**Work request**:
What you return should match the data below exactly, line for line.

(Supplied records begins)

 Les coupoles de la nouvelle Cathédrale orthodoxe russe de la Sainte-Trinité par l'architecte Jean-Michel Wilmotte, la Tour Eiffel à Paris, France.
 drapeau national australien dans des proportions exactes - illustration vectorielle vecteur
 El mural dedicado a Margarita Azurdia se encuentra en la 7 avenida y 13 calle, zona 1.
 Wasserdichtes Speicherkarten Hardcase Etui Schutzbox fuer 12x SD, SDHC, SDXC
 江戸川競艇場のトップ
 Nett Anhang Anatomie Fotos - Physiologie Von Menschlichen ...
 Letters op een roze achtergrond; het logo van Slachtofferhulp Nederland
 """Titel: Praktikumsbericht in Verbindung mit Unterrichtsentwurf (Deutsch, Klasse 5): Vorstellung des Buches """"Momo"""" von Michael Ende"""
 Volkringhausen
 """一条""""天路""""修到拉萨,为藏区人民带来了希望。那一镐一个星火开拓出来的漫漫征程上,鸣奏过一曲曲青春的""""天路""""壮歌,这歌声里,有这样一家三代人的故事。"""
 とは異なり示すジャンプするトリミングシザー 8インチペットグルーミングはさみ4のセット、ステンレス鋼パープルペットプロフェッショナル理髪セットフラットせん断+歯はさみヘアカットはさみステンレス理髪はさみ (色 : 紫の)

(Supplied records ends)

**Result below**:
 Les coupoles de la nouvelle Cathédrale orthodoxe russe de la Sainte-Trinité par l'architecte Jean-Michel Wilmotte, la Tour Eiffel à Paris, France.
 drapeau national australien dans des proportions exactes - illustration vectorielle vecteur
 El mural dedicado a Margarita Azurdia se encuentra en la 7 avenida y 13 calle, zona 1.
 Wasserdichtes Speicherkarten Hardcase Etui Schutzbox fuer 12x SD, SDHC, SDXC
 江戸川競艇場のトップ
 Nett Anhang Anatomie Fotos - Physiologie Von Menschlichen ...
 Letters op een roze achtergrond; het logo van Slachtofferhulp Nederland
 """Titel: Praktikumsbericht in Verbindung mit Unterrichtsentwurf (Deutsch, Klasse 5): Vorstellung des Buches """"Momo"""" von Michael Ende"""
 Volkringhausen
 """一条""""天路""""修到拉萨,为藏区人民带来了希望。那一镐一个星火开拓出来的漫漫征程上,鸣奏过一曲曲青春的""""天路""""壮歌,这歌声里,有这样一家三代人的故事。"""
 とは異なり示すジャンプするトリミングシザー 8インチペットグルーミングはさみ4のセット、ステンレス鋼パープルペットプロフェッショナル理髪セットフラットせん断+歯はさみヘアカットはさみステンレス理髪はさみ (色 : 紫の)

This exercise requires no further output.